June 3 (Bloomberg) -- The Ibovespa rebounded from a six-week low as mining company Vale SA led Brazilian raw-material producers higher amid a rally in commodities, outweighing declines in bank stocks.
MMX Mineracao & Metalicos SA, the iron-ore producer controlled by billionaire Eike Batista, rose from a record low. The MSCI Brazil/Materials Index was the best performer among 10 industry groups. Banco Bradesco SA sank after economists lowered their 2013 economic growth forecasts for a third week.
The Ibovespa gained 0.8 percent to 53,944.36 at the close of trading in Sao Paulo. Forty-one stocks rose while 30 fell. The real climbed 0.8 percent to 2.1241 per dollar. The Standard & Poor’s GSCI index of 24 raw materials rose 1.2 percent. Brazil’s benchmark equity gauge sank 2.1 percent on May 31 after policy makers increased Brazil’s target lending rate more than most analysts had forecast to curb inflation.
“The market reaction on Friday to the increase in interest rates was exaggerated,” Marcio Cardoso, a partner at brokerage Titulo Corretora de Valores SA, said by phone. “The signal the central bank sent was good.”
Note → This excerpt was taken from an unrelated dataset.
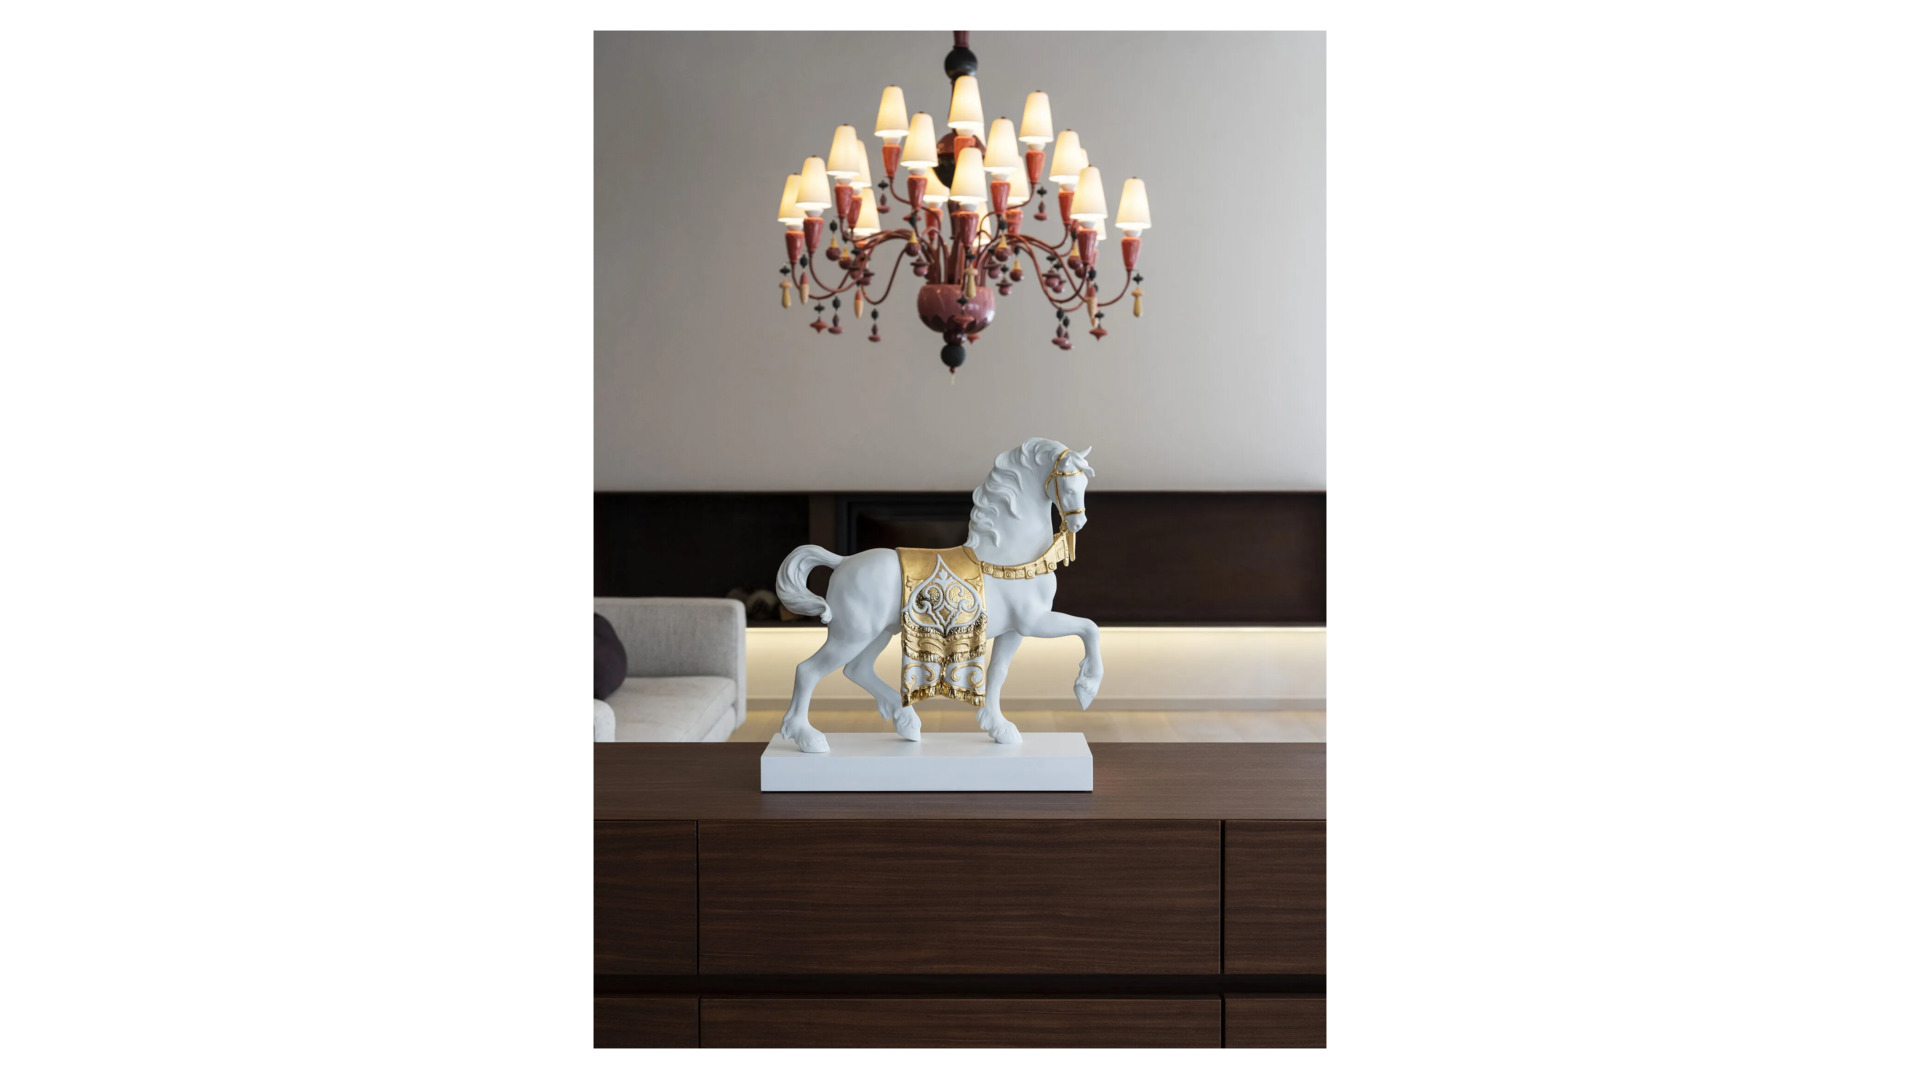 Фигурка Lladro Дворцовый конь Ре-Деко 40x42 см, фарфор, белый, золотой

Vale jumped 4.5 percent to 29.95 reais. MMX rose 2.4 percent to 1.72 reais.
Bradesco slid 2.8 percent to 33.37 reais. The MSCI Brazil/Financials Index fell 1.7 percent, the lowest closing level since Dec. 18.
Gross domestic product will expand 2.77 percent this year, down from the previous week’s forecast of 2.93 percent, according to a May 31 central bank survey of about 100 economists published today. Analysts also cut their 2014 growth outlook to 3.4 percent from 3.5 percent.
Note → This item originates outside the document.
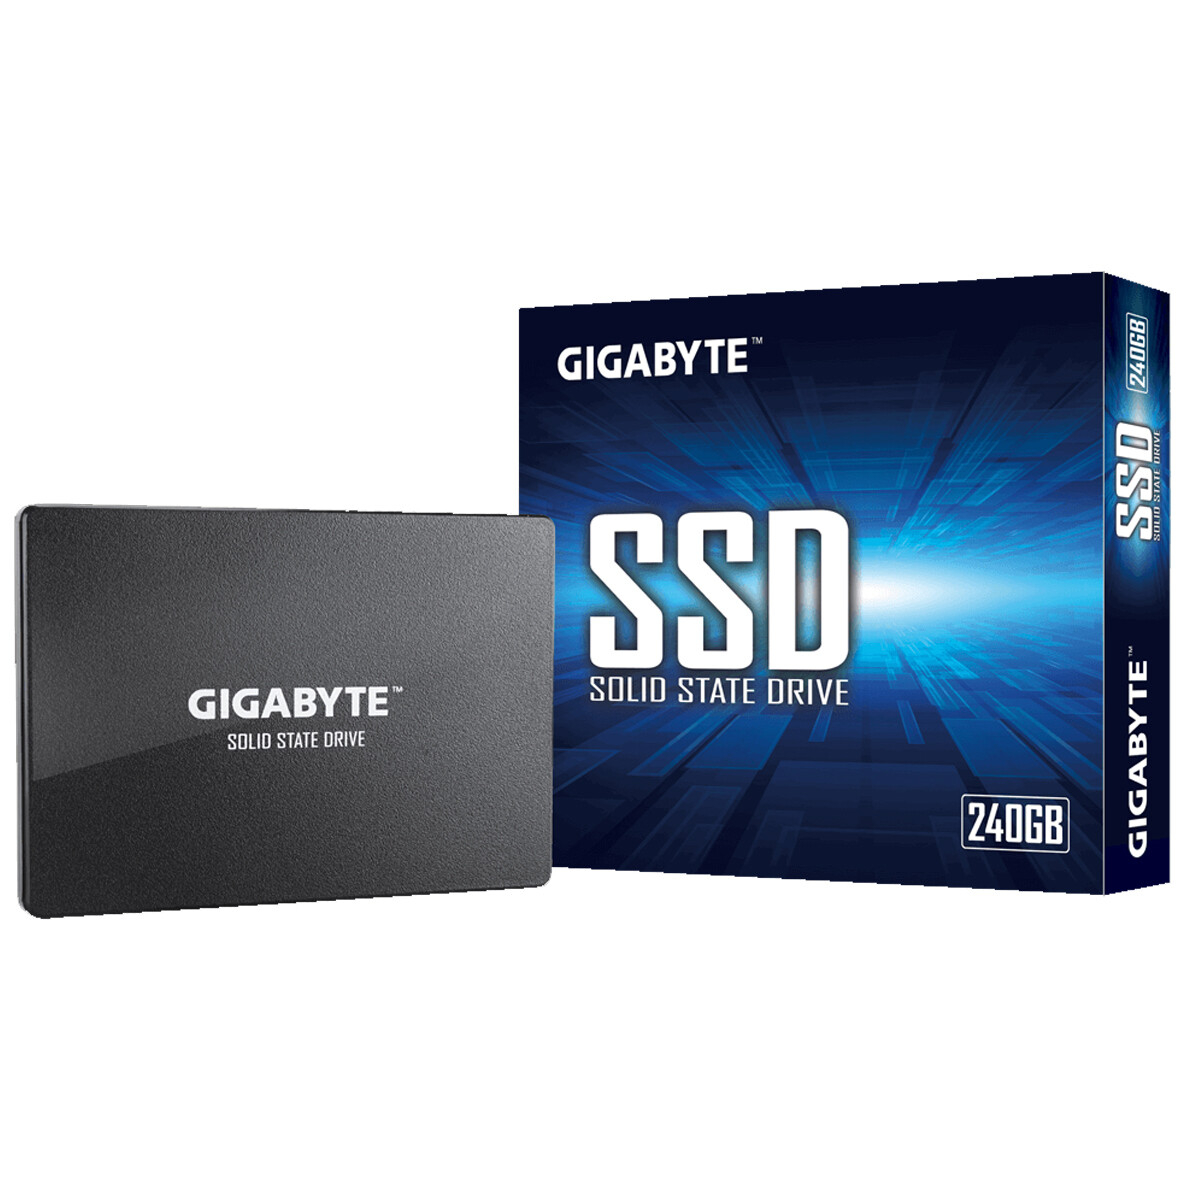 DISCO DURO SOLIDO SSD DE 240GB GIGABYTE

“The short term for the Brazilian economy is bad and that reflects on stocks,” Felipe Rocha, an analyst at brokerage Omar Camargo, said in a telephone interview from Curitiba, Brazil. “The market is redoing the math on growth forecasts. For banks, it brings the prospect of less demand for credit and an overall slower market.”
Banco Itau BBA joined analysts from Bradesco BBI to JPMorgan Chase & Co and cut its 2013 growth forecast for Brazil after first-quarter expansion trailed estimates. Itau predicts Latin America’s largest economy will grow 2.4 percent this year, according to a research report today, down from a previous estimate of 2.8 percent.
Airline Gol Linhas Aereas Inteligentes SA, which got 93 percent of its revenue from Brazil in 2012, slumped 3.9 percent to 8.95 reais, the lowest since Aug. 2.
Brazil’s benchmark equity gauge fell 4.3 percent in May, the steepest monthly drop in a year and its fifth straight month of declines. The index has fallen 12 percent in 2013, underperforming emerging markets including China, Russia and India, amid concern quickening inflation will curb the nation’s economic recovery.
The Ibovespa trades at 12.8 times analyst earnings estimates for the next four quarters, compared with a multiple of 10.5 for the MSCI Emerging Markets Index of 21 developing nations’ equities, data compiled by Bloomberg show.
Trading volume for stocks in Sao Paulo was 7.66 billion reais today, data compiled by Bloomberg shows. That compares with a daily average of 7.76 billion reais this year through May 31, according to data compiled by the exchange.